Laura Quintero graduated in 2012 from University of Texas at Arlington School of Architecture.

 

A Hispanic nonprofit organization has honored a first-generation college student for her efforts in encouraging Hispanic youth to pursue college degrees.

Laura Quintero, a Dallas designer and 2012 University of Texas at Arlington School of Architecture graduate, was named by the National Hispana Leadership Institute (NHLI) as one of its 2014 Rising Stars. The award is given to two Hispanic females under age 30 for their accomplishments and service as role models for other young Hispanic women.

Ms. Quintero along with co-Rising Star winner, Pamela Campos-Palma, received their awards at NHLI’s 2014 Executive Leadership Conference earlier this month in Dallas.
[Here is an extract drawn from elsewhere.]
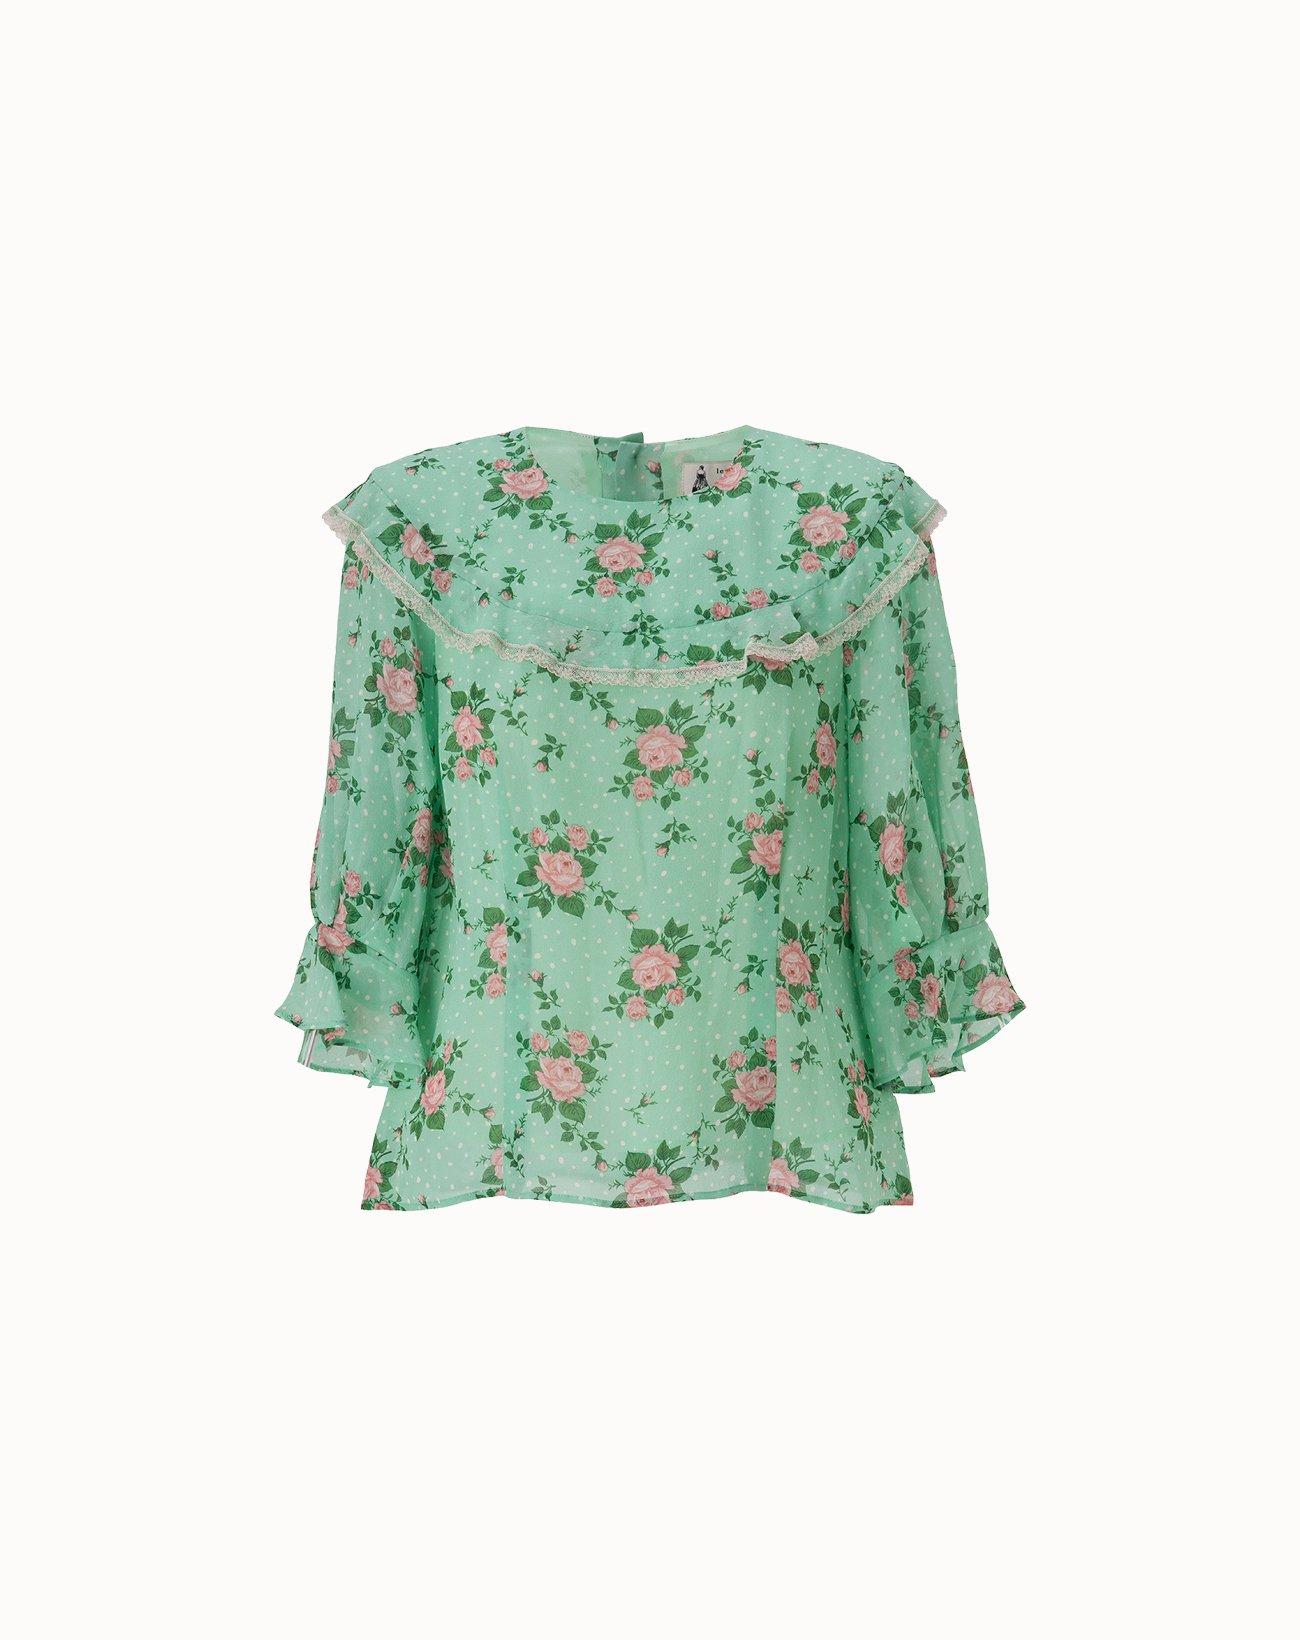 leur logette - Dot Rose Printed Blouse - Green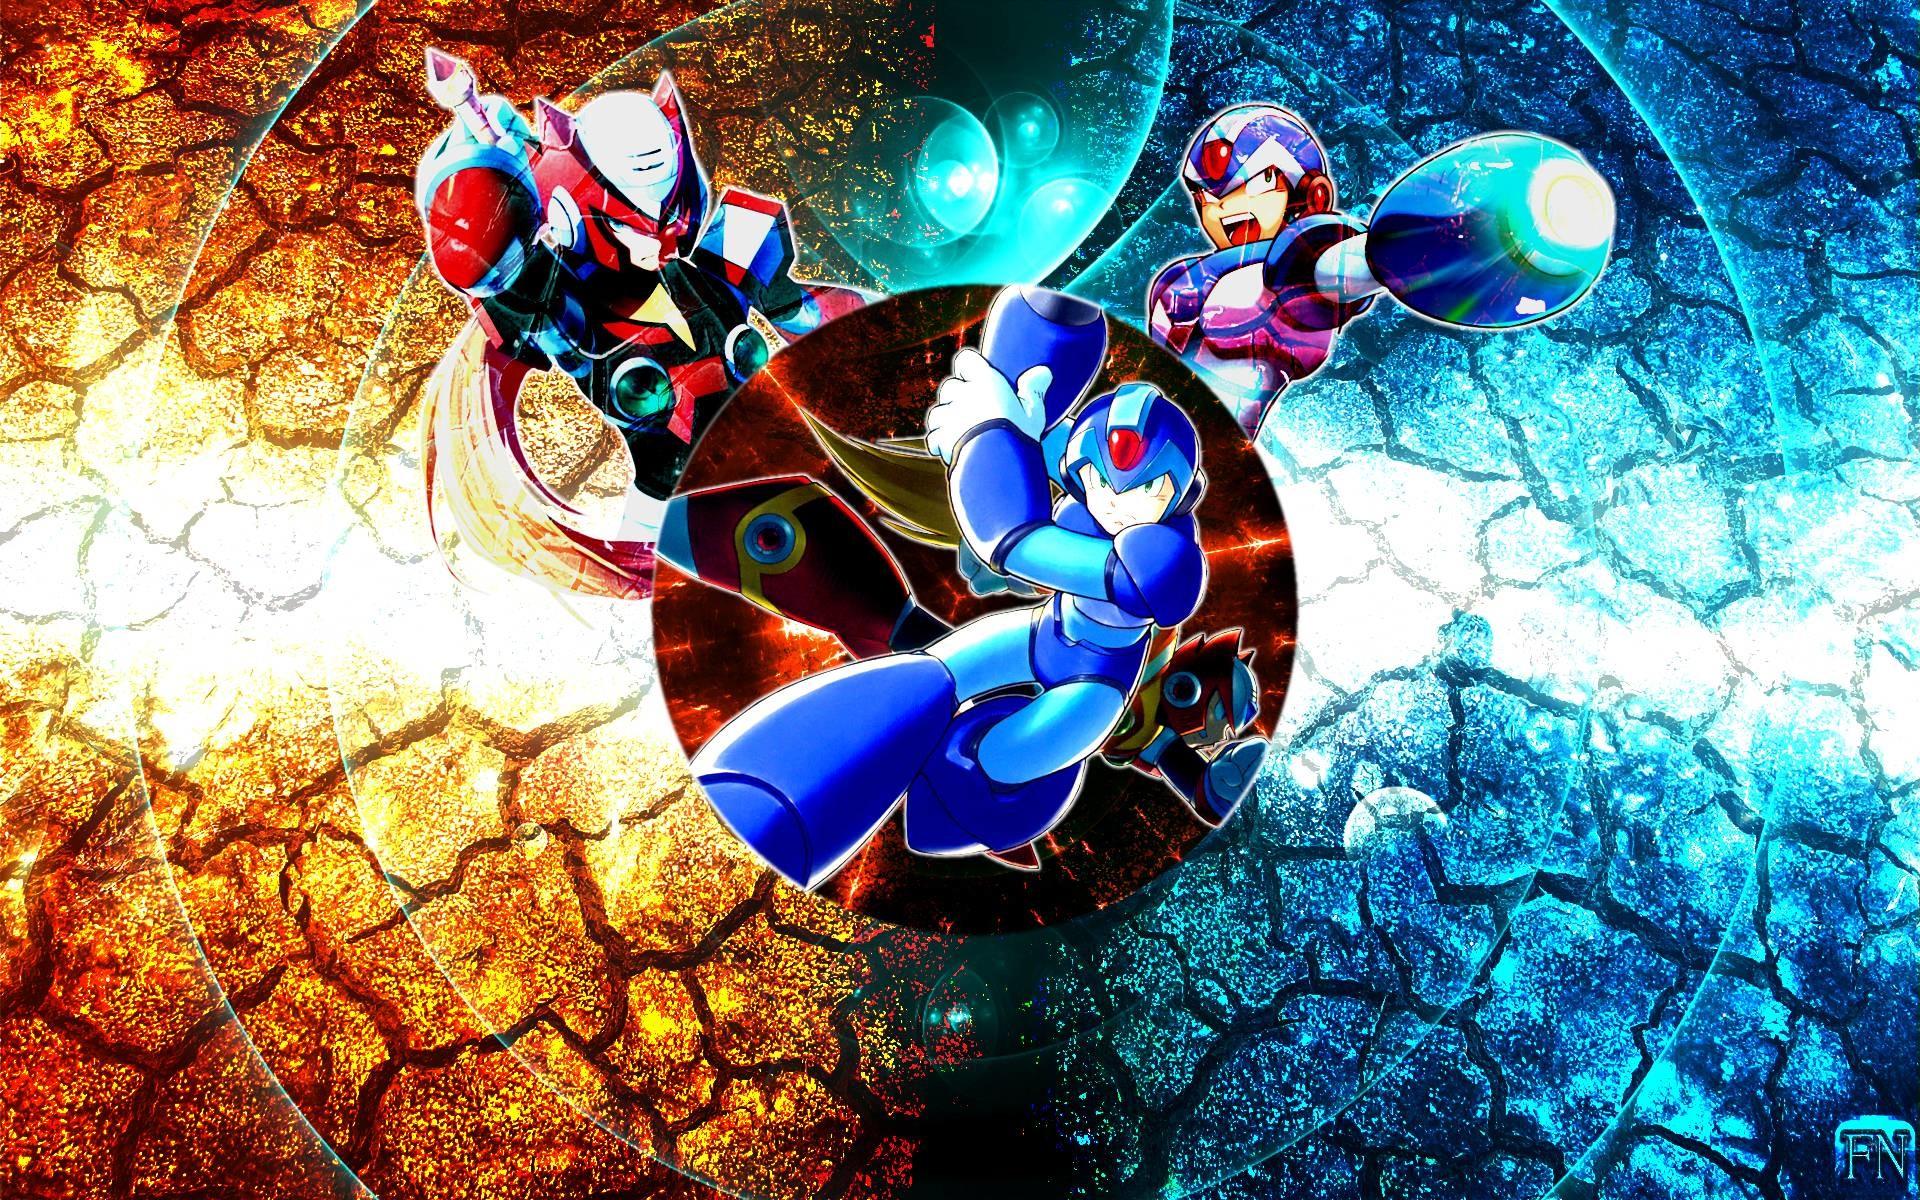 Megaman X Wallpaper by FRUITYNITE on DeviantArt

“I have always wanted to contribute to the community in a meaningful way, to share with other young women many of the skills that I developed during my undergraduate years at UT Arlington,” Ms. Quintero said in a statement. “This award from the NHLI challenges me to keep working in the community and serves as validation that I am headed in the right direction.”

While at UTA, Ms. Quintero was encouraged by her peers and professors to inspire other young Hispanics to obtain college degrees. Her background in art and architecture allowed Ms. Quintero to mentor younger Hispanics through the Playhouse Fun Project organization, an afterschool program where she taught art and design to elementary students at two public schools in Dallas.

Currently, Ms. Quintero mentors high school students and encourages them to pursue fields in design as well.

“Laura doesn’t even know how special she is,” said Norma Isa Figueroa, assistant professor of architecture at UT Arlington and 2014 NHLI Executive Leadership Program Fellow, in a statement. “She mentors high school students in inner-city neighborhoods, encourages education, and works to create more job opportunities for Latino students in the world of architecture and engineering, all while pursuing her own professional career goals.”